In this notebook, we (1.1) import the training data ('properties'), the training labels ('train'), & the sample submission file ('sample_submission'). We prepare a training dataframe (train_df) and then (1.2) generate potentially relevant extra features. 

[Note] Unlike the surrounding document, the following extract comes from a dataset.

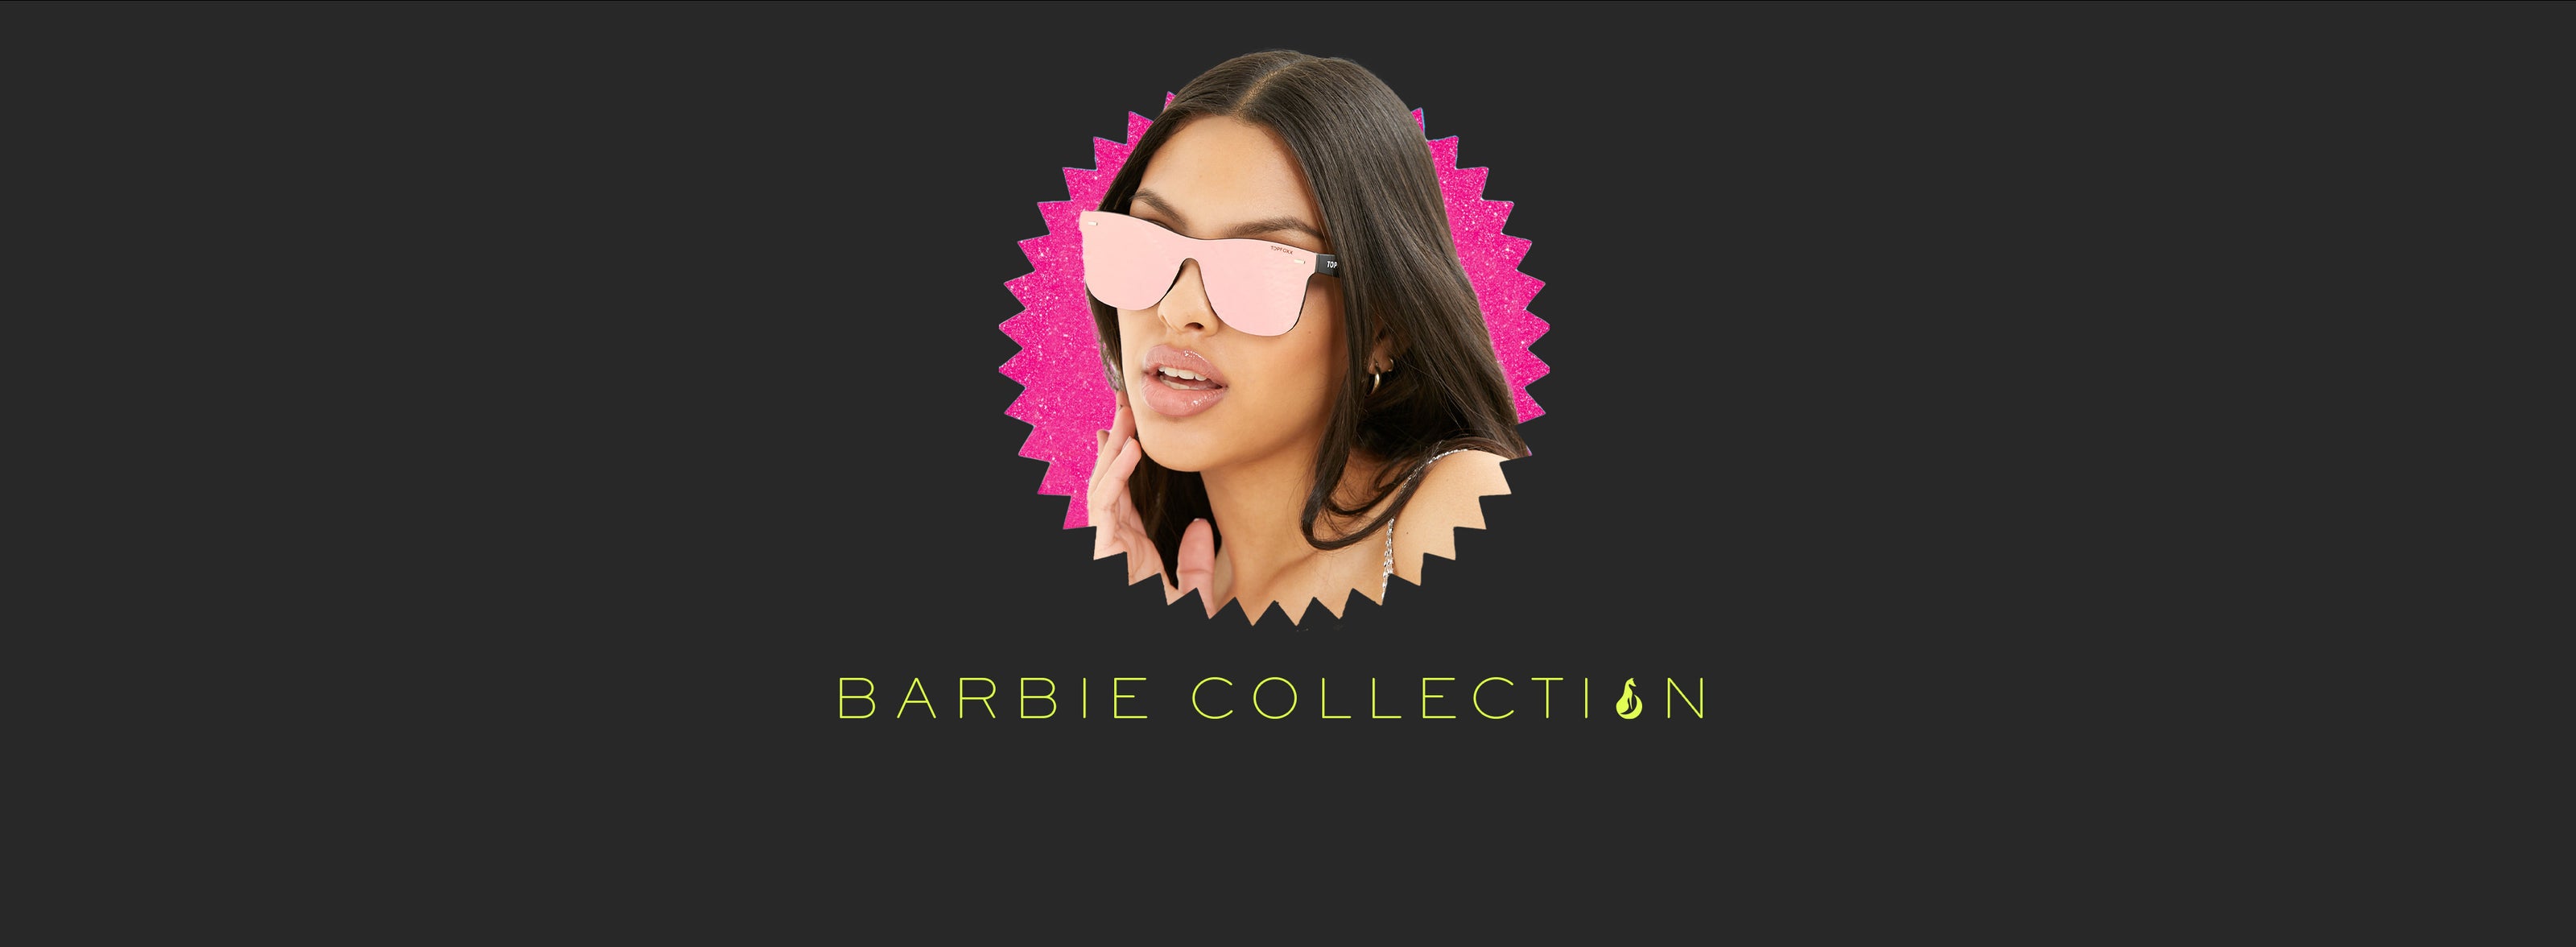 Barbie Sunglasses Collection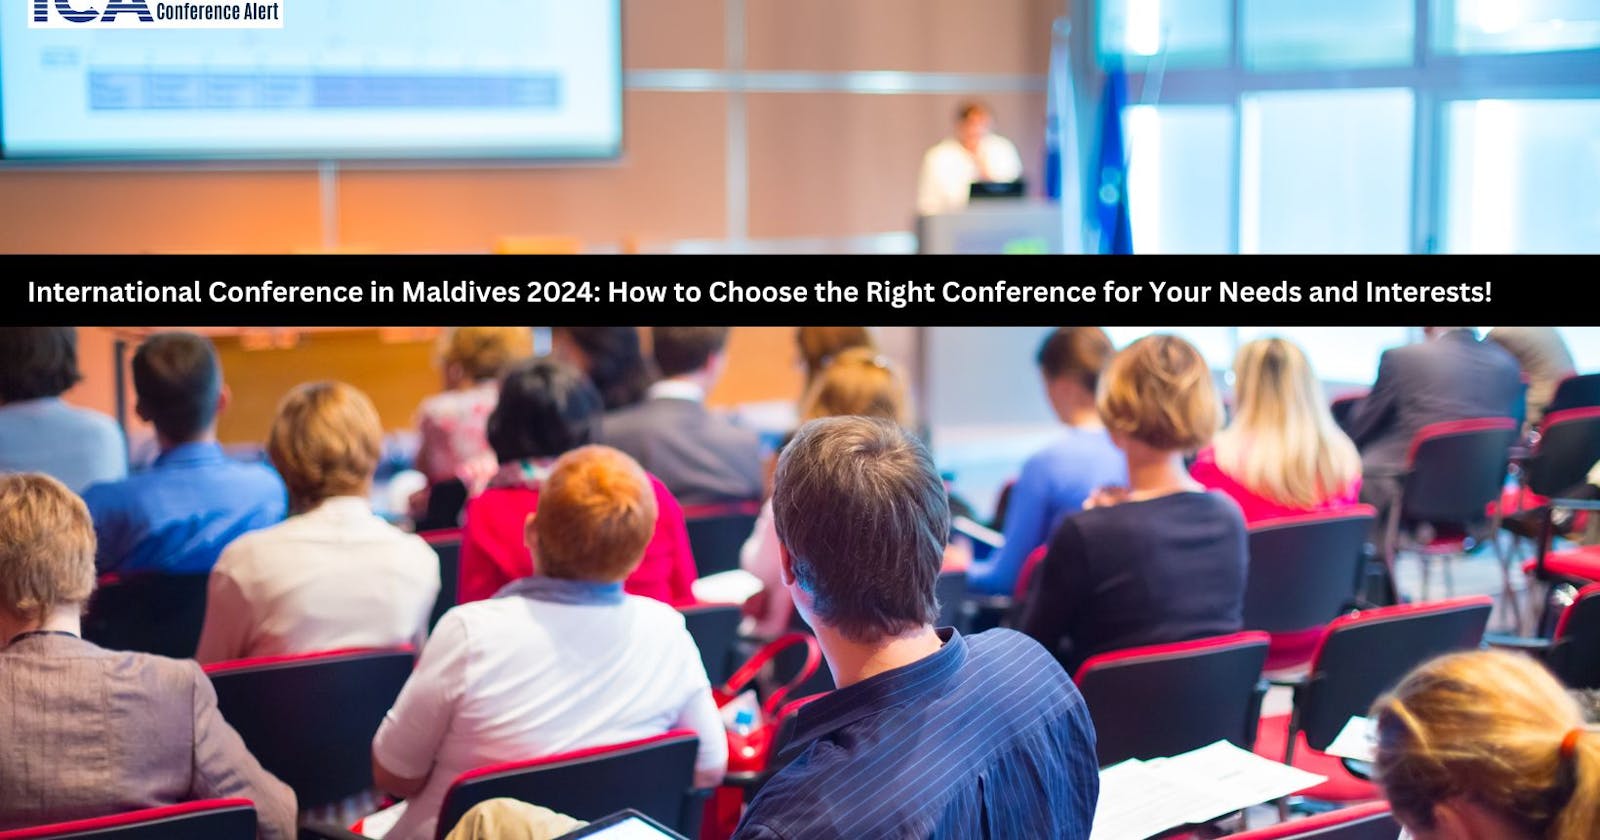 International Conference in Maldives 2024: How to Choose the Right Conference for Your Needs and Interests!

In the next notebook (2), we will clean this training dataframe and end by splitting it into the usual 6 (x_train, y_train, x_valid, y_valid, x_test, y_test).

In [38]:
import pandas as pd
import numpy as np
import timeit

In [8]:
np.random.seed(1234)

In [49]:
# Read data from saved pickle files.
# start_time = timeit.default_timer()
properties = pd.read_pickle('Data/properties')
train = pd.read_pickle('Data/train')
sample_submission=pd.read_pickle('Data/sample_submission')
# elapsed = timeit.default_timer() - start_time

Let's look at the df heads to get a quick sense of what's there:

In [28]:
properties.head(1)

Unnamed: 0,parcelid,airconditioningtypeid,architecturalstyletypeid,basementsqft,bathroomcnt,bedroomcnt,buildingclasstypeid,buildingqualitytypeid,calculatedbathnbr,decktypeid,...,numberofstories,fireplaceflag,structuretaxvaluedollarcnt,taxvaluedollarcnt,assessmentyear,landtaxvaluedollarcnt,taxamount,taxdelinquencyflag,taxdelinquencyyear,censustractandblock
0,10754147,,,,0.0,0.0,,,,,...,,,,9.0,2015.0,9.0,,,,


In [29]:
train.head(1)

Unnamed: 0,parcelid,logerror,transactiondate
0,11016594,0.0276,2016-01-01


In [30]:
sample_submission.head(1)

Unnamed: 0,ParcelId,201610,201611,201612,201710,201711,201712
0,10754147,0,0,0,0,0,0


So, to be clear, we have data on a bunch of properties in the properties df, and then we have data on the transaction date and the [logerror](https://www.kaggle.com/c/zillow-prize-1/data) of the Zillow prediction and the actual transaction price in the train df.

## Feature generation

Add some more features using this helpful Kaggle [kernel](https://www.kaggle.com/nikunjm88/creating-additional-features?scriptVersionId=1379783), mainly by [Nikunj](https://www.kaggle.com/nikunjm88).

In [45]:
updated_properties = properties

In [46]:
# Rankings according to Nikunj XGB importance f_score
updated_properties['N-LivingAreaProp'] = updated_properties['calculatedfinishedsquarefeet']/updated_properties['lotsizesquarefeet'] #1
updated_properties['N-ValueRatio'] = updated_properties['taxvaluedollarcnt']/updated_properties['taxamount'] #2
updated_properties['N-ValueProp'] = updated_properties['structuretaxvaluedollarcnt']/updated_properties['landtaxvaluedollarcnt'] #3
updated_properties["N-location"] = updated_properties["latitude"] + updated_properties["longitude"] #4
updated_properties["N-location-2"] = updated_properties["latitude"]*updated_properties["longitude"] #5
updated_properties['N-ExtraSpace'] = updated_properties['lotsizesquarefeet'] - updated_properties['calculatedfinishedsquarefeet']#6

zip_count = updated_properties['regionidzip'].value_counts().to_dict()
updated_properties['N-zip_count'] = updated_properties['regionidzip'].map(zip_count) #7
updated_properties['N-TaxScore'] = updated_properties['taxvaluedollarcnt']*properties['taxamount'] #8

group = updated_properties.groupby('regionidcity')['structuretaxvaluedollarcnt'].aggregate('mean').to_dict()
updated_properties['N-Avg-structuretaxvaluedollarcnt'] = updated_properties['regionidcity'].map(group)#9
updated_properties["N-structuretaxvaluedollarcnt-2"] = updated_properties["structuretaxvaluedollarcnt"] ** 2 #10

They go on, but adding these 10 for now seems fine enough. Let's stop here, recognizing that adding more features could boost performance later.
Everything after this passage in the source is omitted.